Falling in love might be described as curiosity heightened to its most intense, outward-focused, adoring state. You become self-forgetful. All you can think about is the other person — what makes them tick, what makes them happy, and why the heck they love the color orange so much. Falling in love is a strange form of altruism and selflessness.

So the best place to start when searching for great questions is not what interests you. It’s what interests your potential B2B clients. What makes them tick? What makes them happy? Why the heck do they love the color orange so much? Why do they always hire that Simon & Garfunkel cover band for corporate retreats? Start seeing the world from their eyes. And then the great questions, from their vantage point, will come. And as you learn about other businesses (i.e. other people — remember, we’re not talking about robots) with a childlike curiosity, you’ll discover all sorts of fun, interesting little things along the way that will make the search for good questions enjoyable.

But it’s more than just any ol’ great question. It’s the pursuit of the perfect question, from their point of view — the Death Star tractor-beam question.

But achieving this will require some humility.

Humility Required: You Don’t Have All the Questions

When someone is a know-it-all, they might be told, “Hey, you don’t have all the answers, okay?” The same is true for the pursuit of the perfect question.

Hey, you don’t have all the right questions, okay?

When you’re stuck, look for outside help. Go to websites like quora.com where you can see questions that businesses are asking.

It can be easier said than done, though. Business Insider makes this astute observation: “…on a site whose range of topics stretches from ‘Do Silicon Valley VCs invest in European early-stage startups?’ to ‘Given our current technology and with the proper training, would it be possible for someone to become Batman?’ how can you maximize its potential for your business?”

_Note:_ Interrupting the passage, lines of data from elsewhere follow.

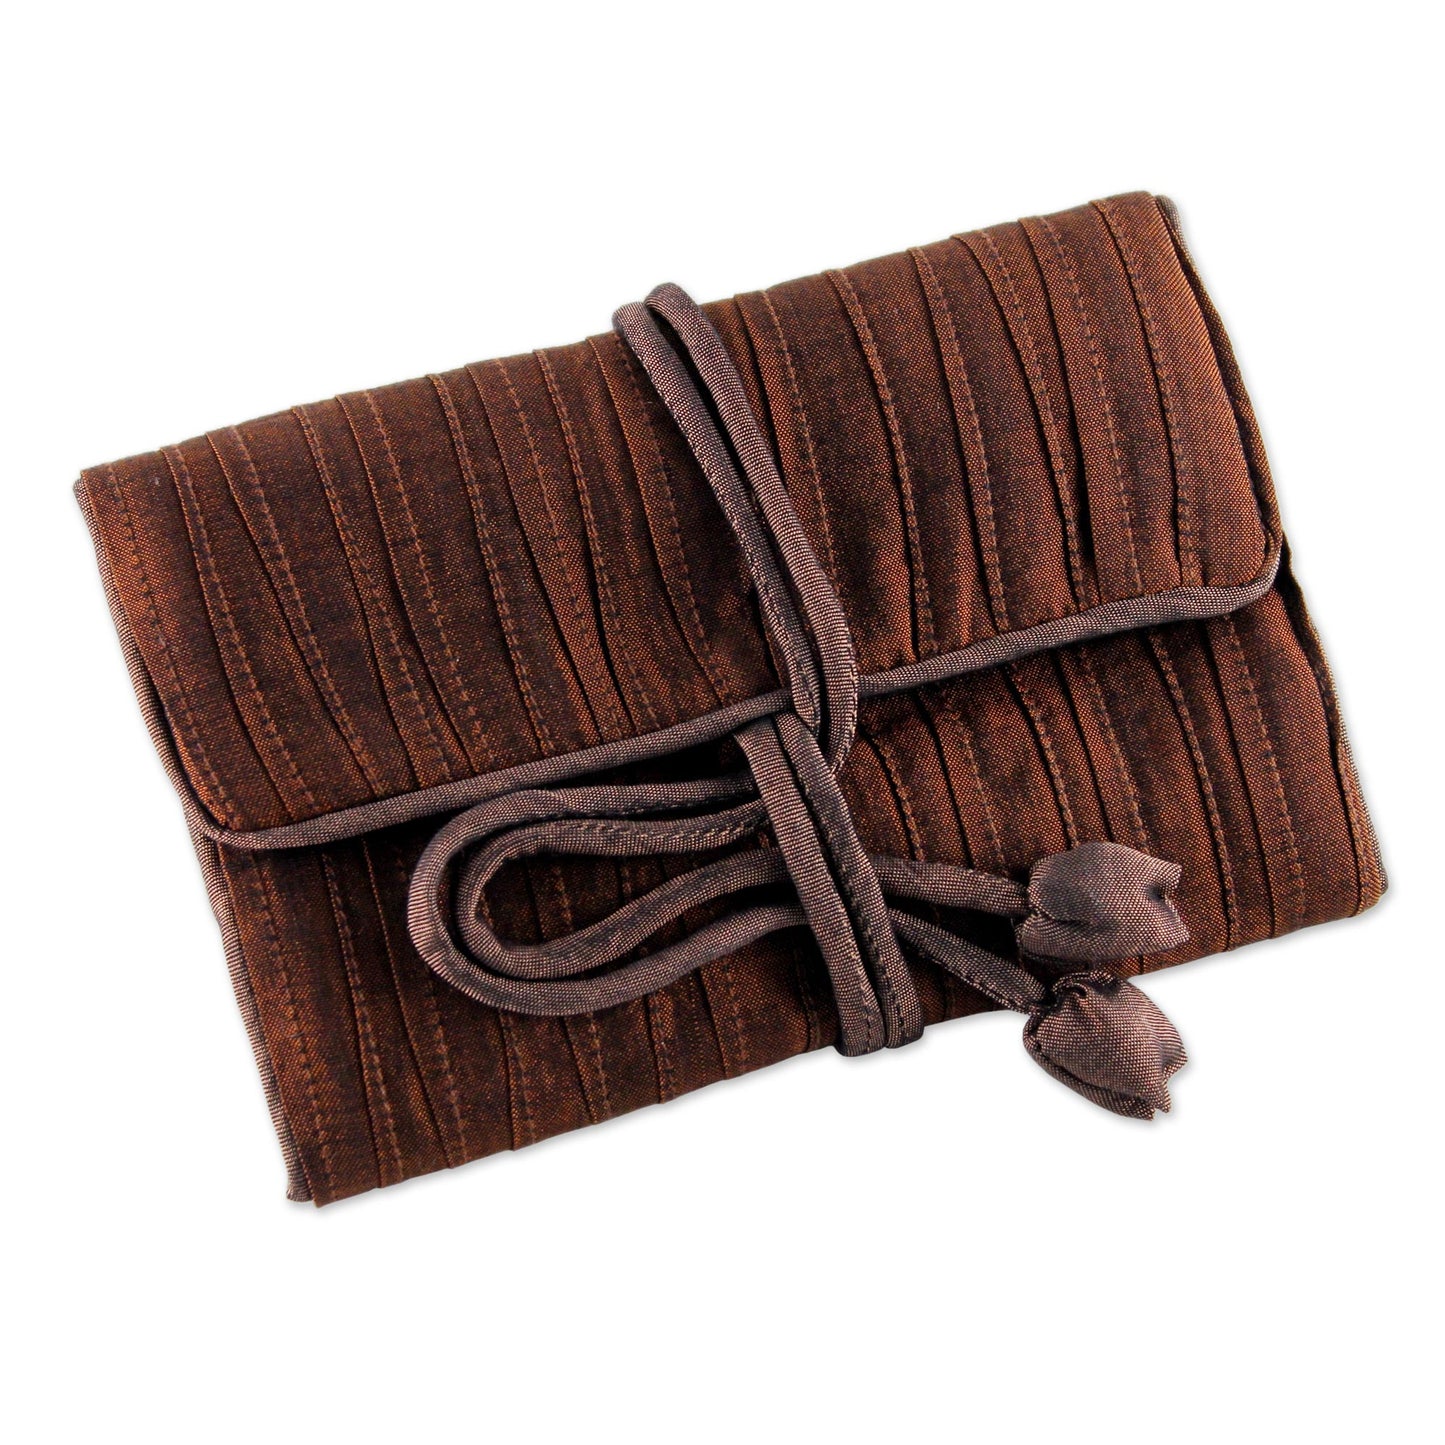 Enchanted Journey in Russet Hand Woven Silk and Rayon Blend Thai Jewelry Roll in Russet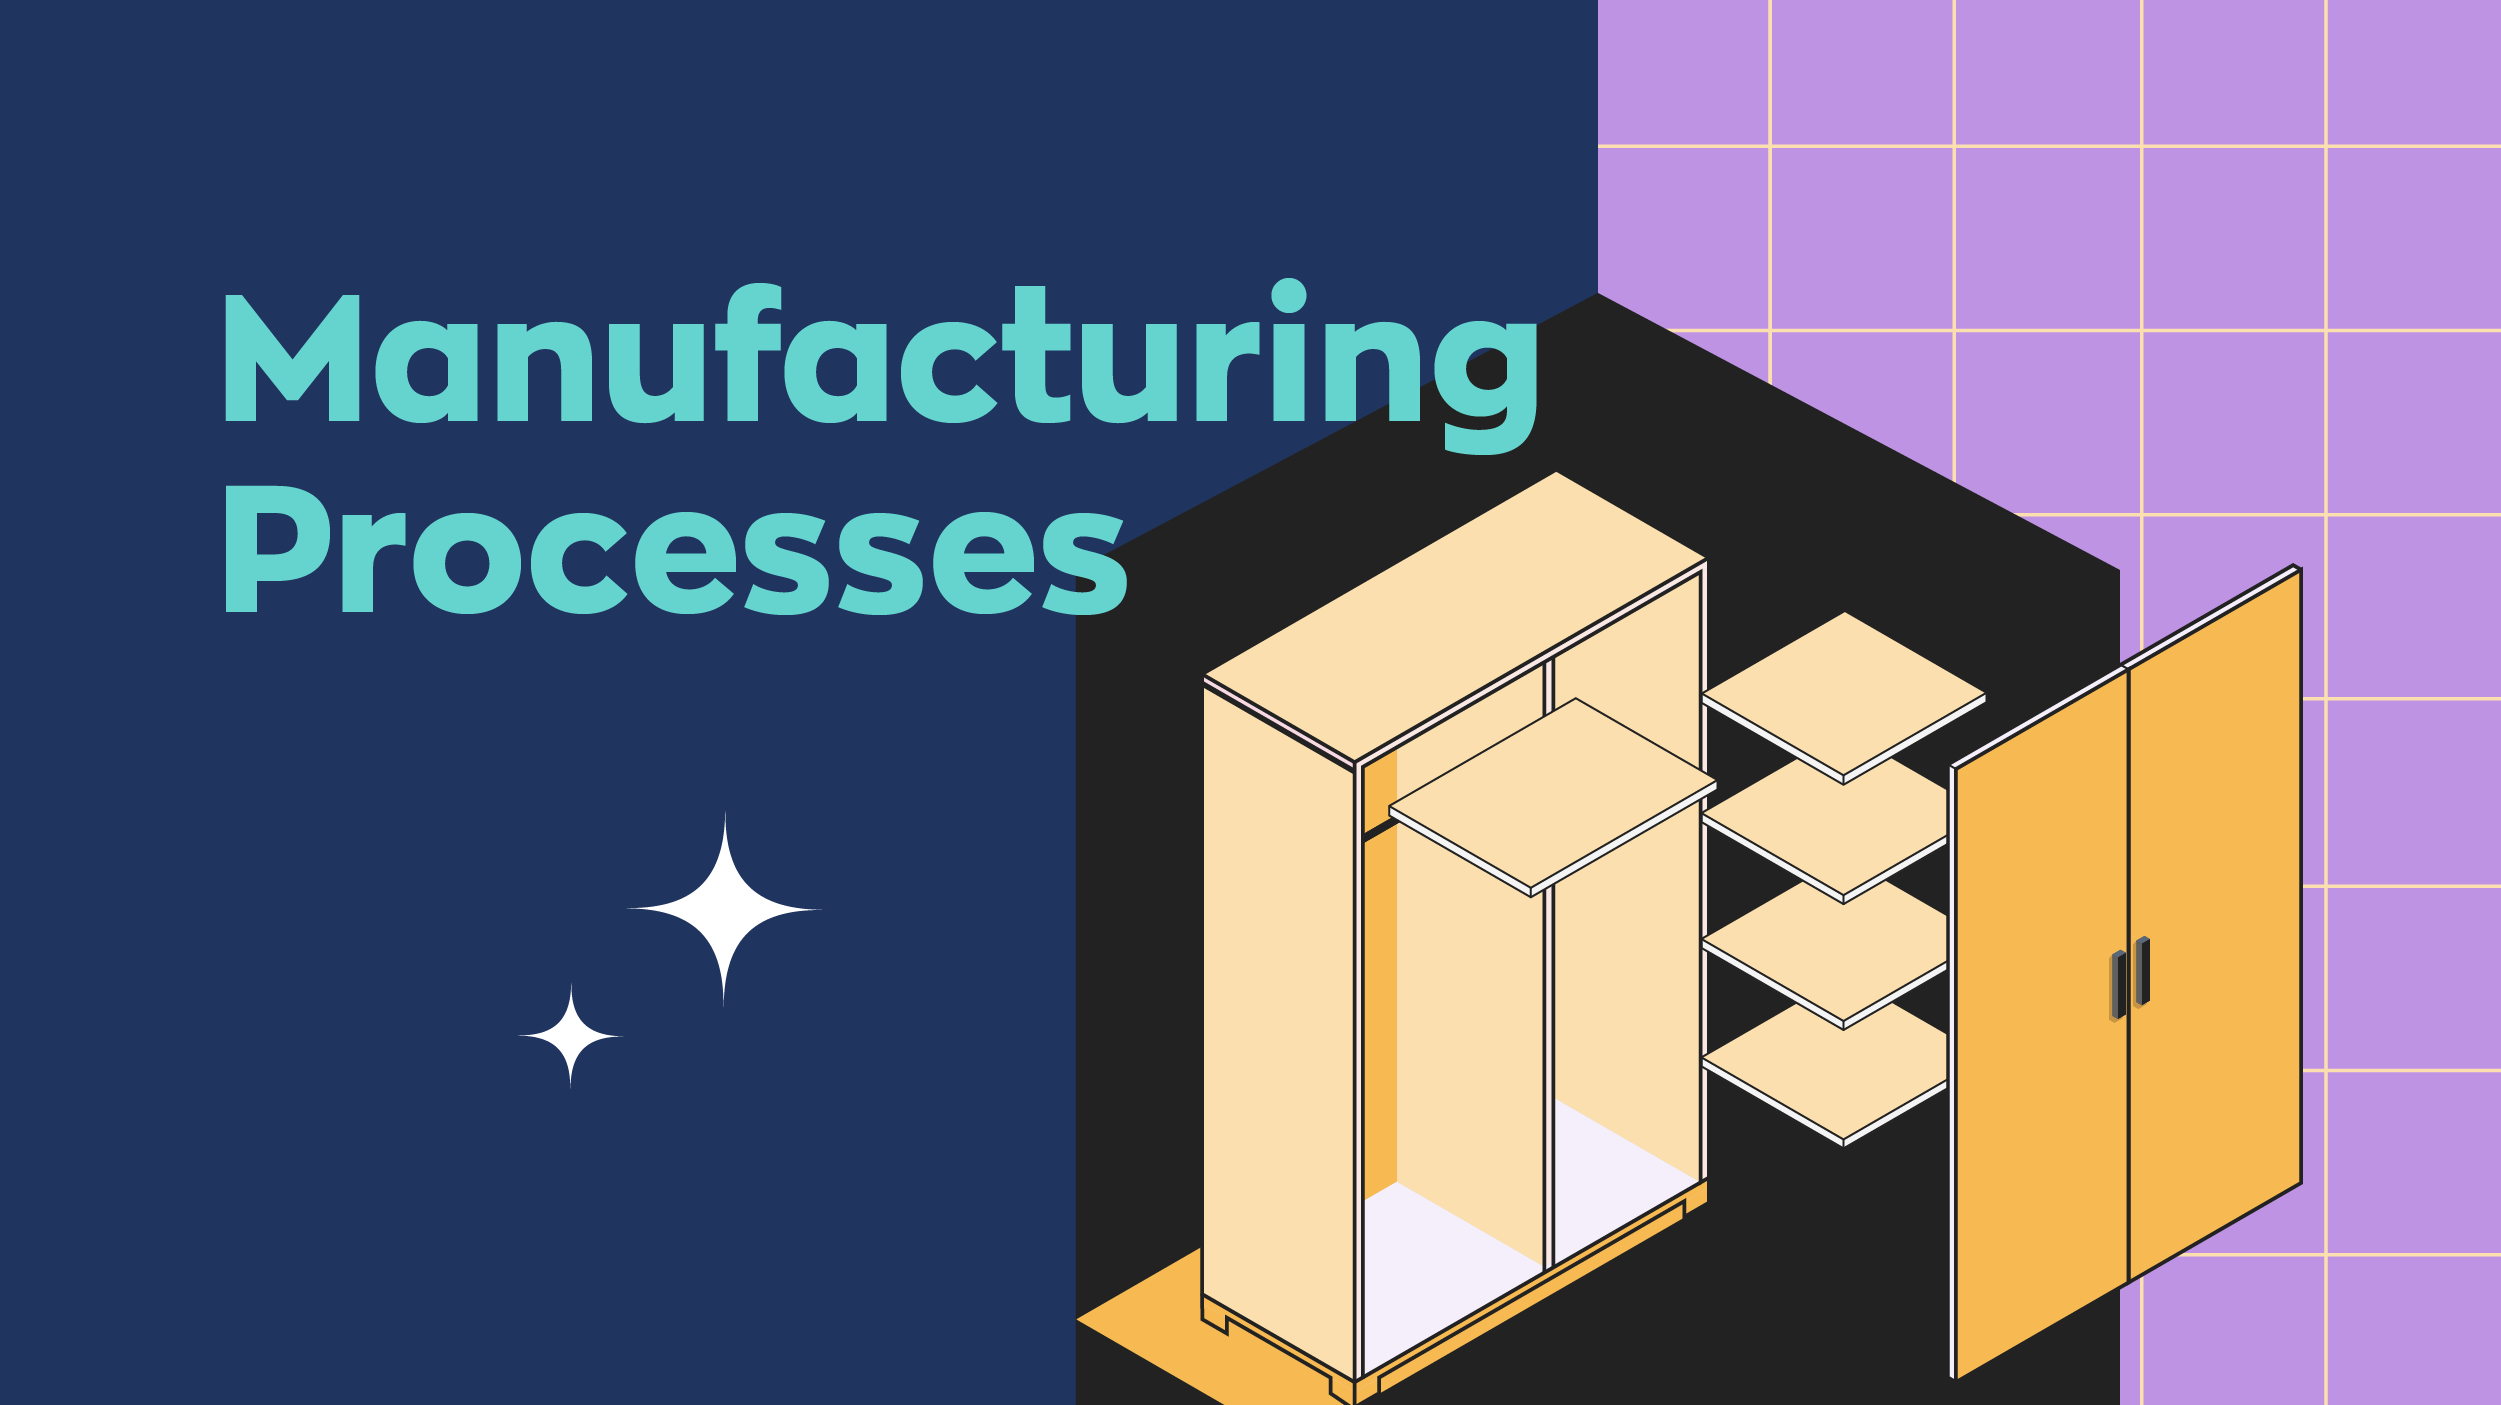 What Are the 6 Different Types of Manufacturing Processes?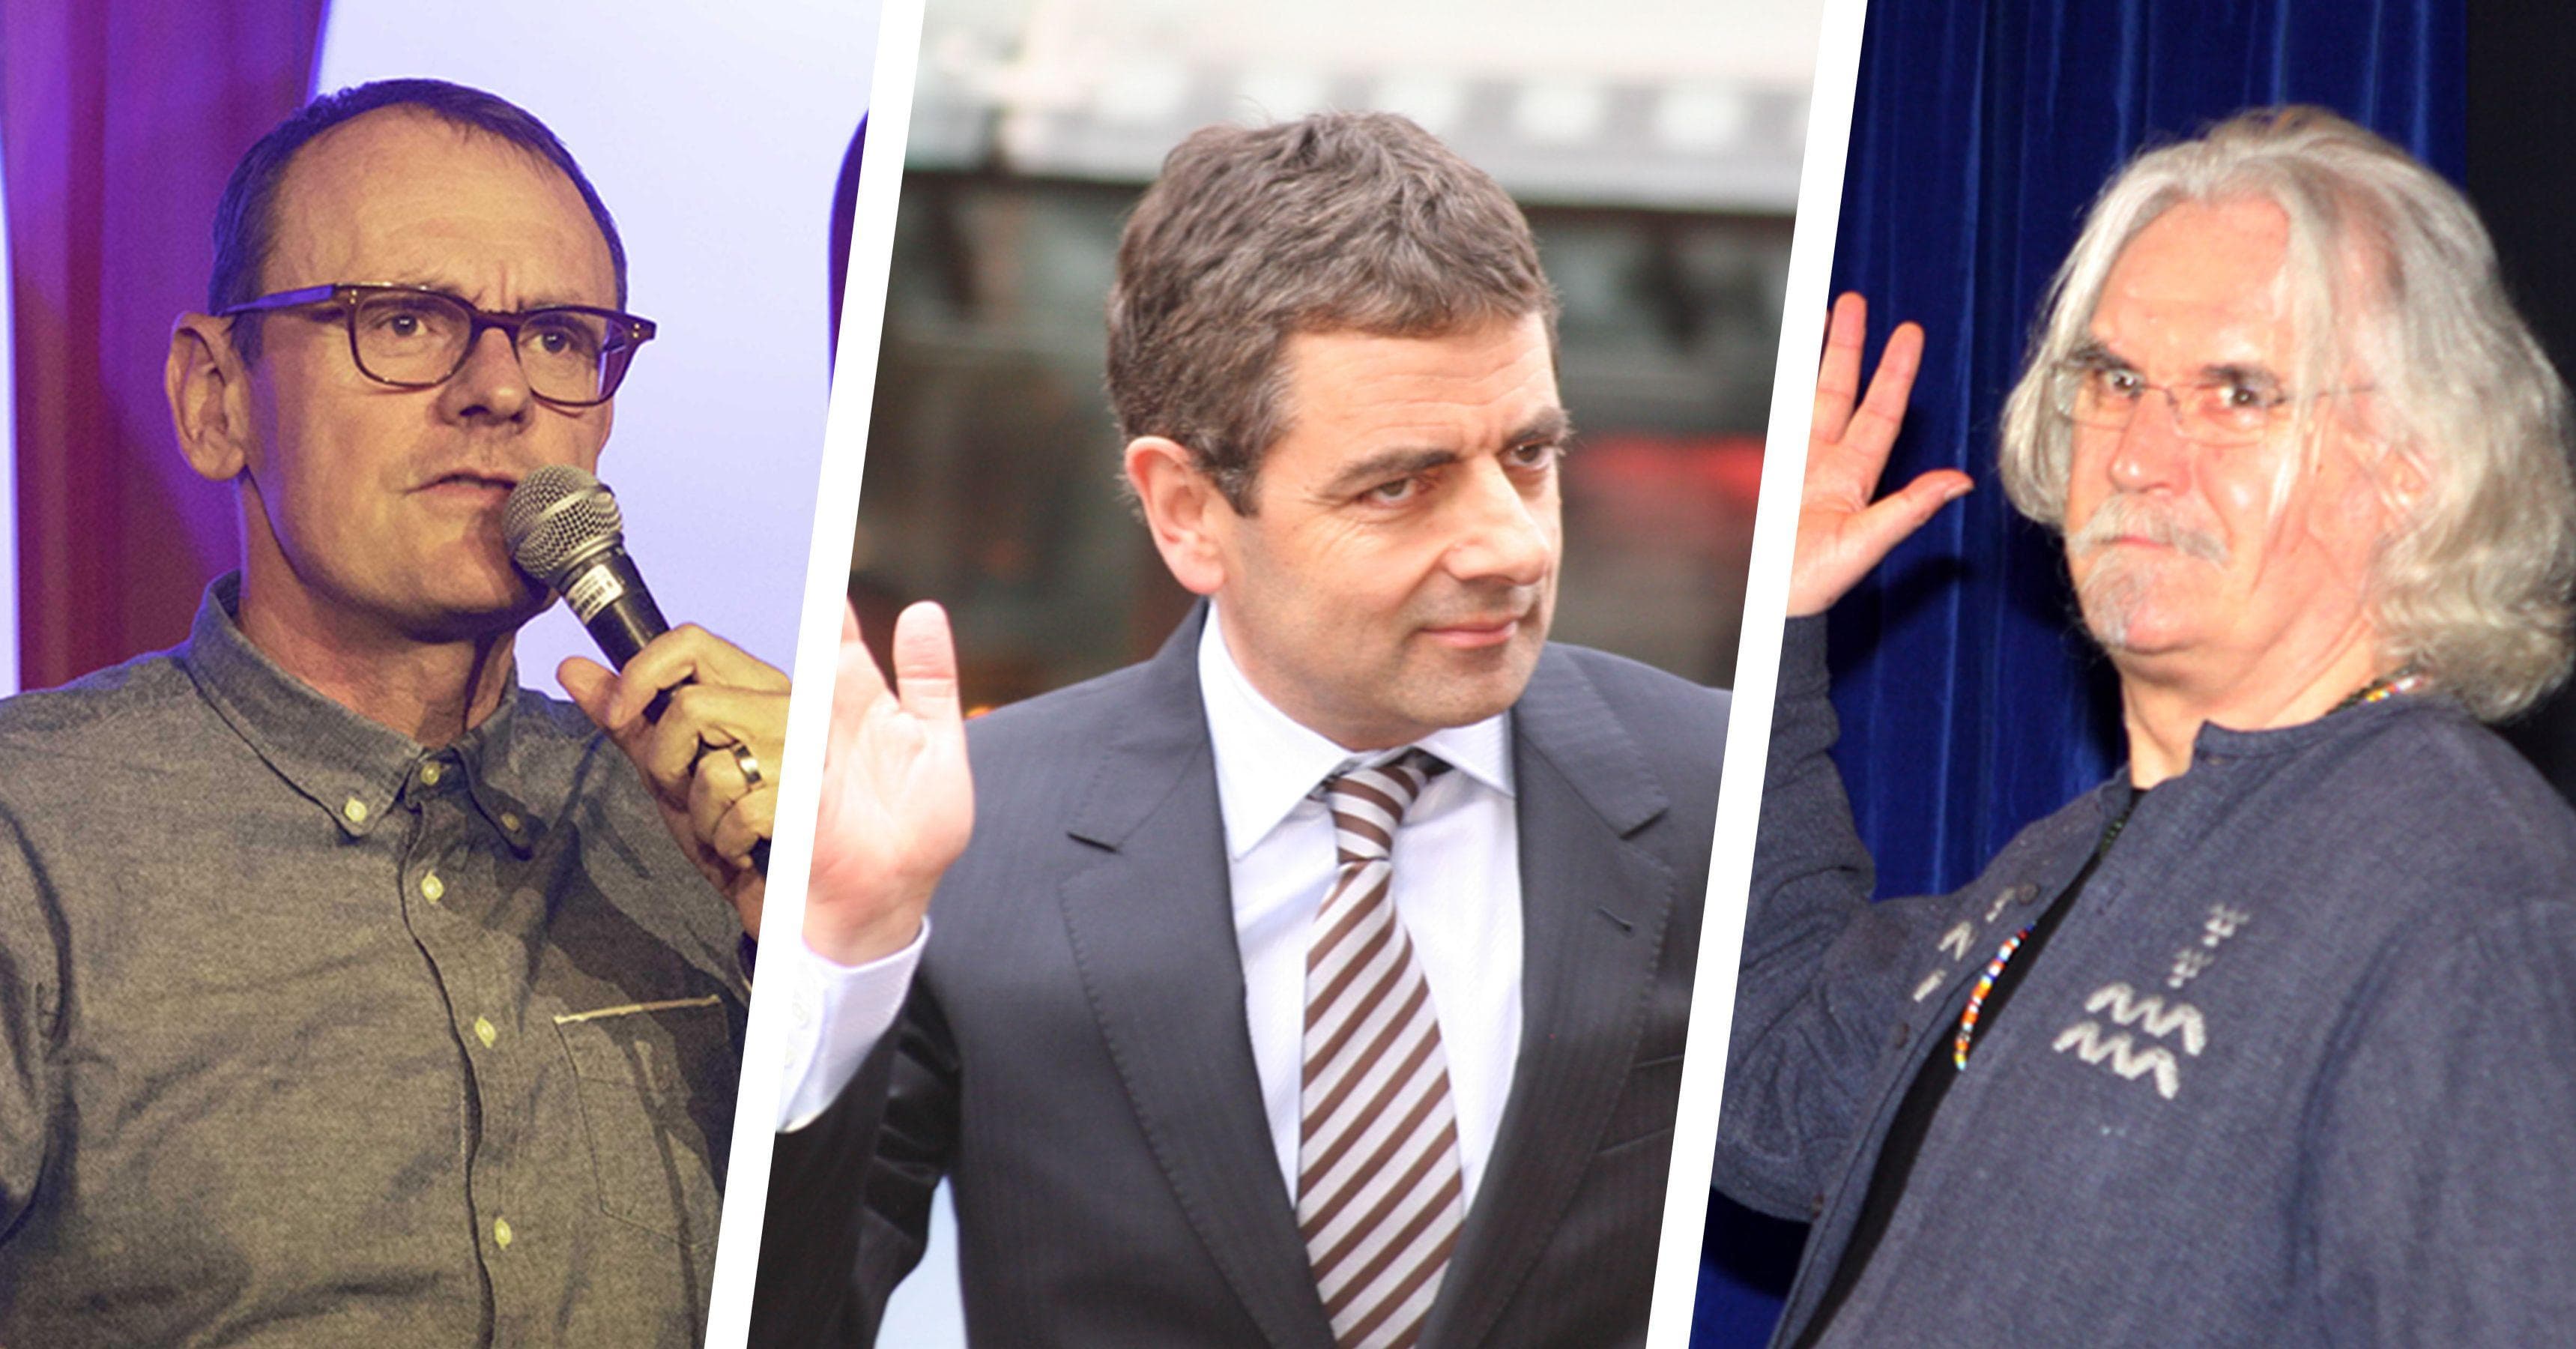 The Best British And Irish Comedians Of All Time Ranked

If you’ve never used Quora, here’s a quick crash course:

  • After signing up with a profile, find the category (or categories) of expertise that is relevant to your business by typing “b2b” (for example), or any topic or term that is relevant, into the search box at the top of Quora
  • After results appear, under “by type” on the left, click “questions”
  • Look for questions that have a high number of “want answers,” which indicates the demand for that question
  • Use those questions for content creation ideas

Oh, and a few more housekeeping tips for good Quora use:

  • Don’t forget to “follow” the topics relevant to your industry or “follow” other businesses/potential clients who are active there
  • Get involved: ask great questions yourself, and only give superb, top-of-the-class answers in topics that you know extremely well
  • Don’t use it as a tool of aggressive self-promotion with which you bludgeon others relentlessly

Follow this great advice from Marc Gayle, founder of CompVersions.com: “Don’t try and market your site or product [on Quora]—put information about what you are working on, what you own, etc., in your bio/profile, but don’t market it unless there is a specific situation that it adds value. Figure out how to give back to the community.”

Yahoo Answers

Besides Quora, Yahoo Answers also provides a similar service. Although it doesn’t have Quora’s excellent “want answers” indicator of whether a question is in high demand, the UX of Yahoo Answers makes it quick to use. Just click “Discover,” then click one of the categories on the left, and start browsing through a never-ending list of ideas for questions. The questions here typically tend to be more general, evergreen questions.

Great ideas come more from being able to listen than they do from being able to speak. So listen to everything, internalize it, ask your questions, and come up with great topics that help you but also help your readers.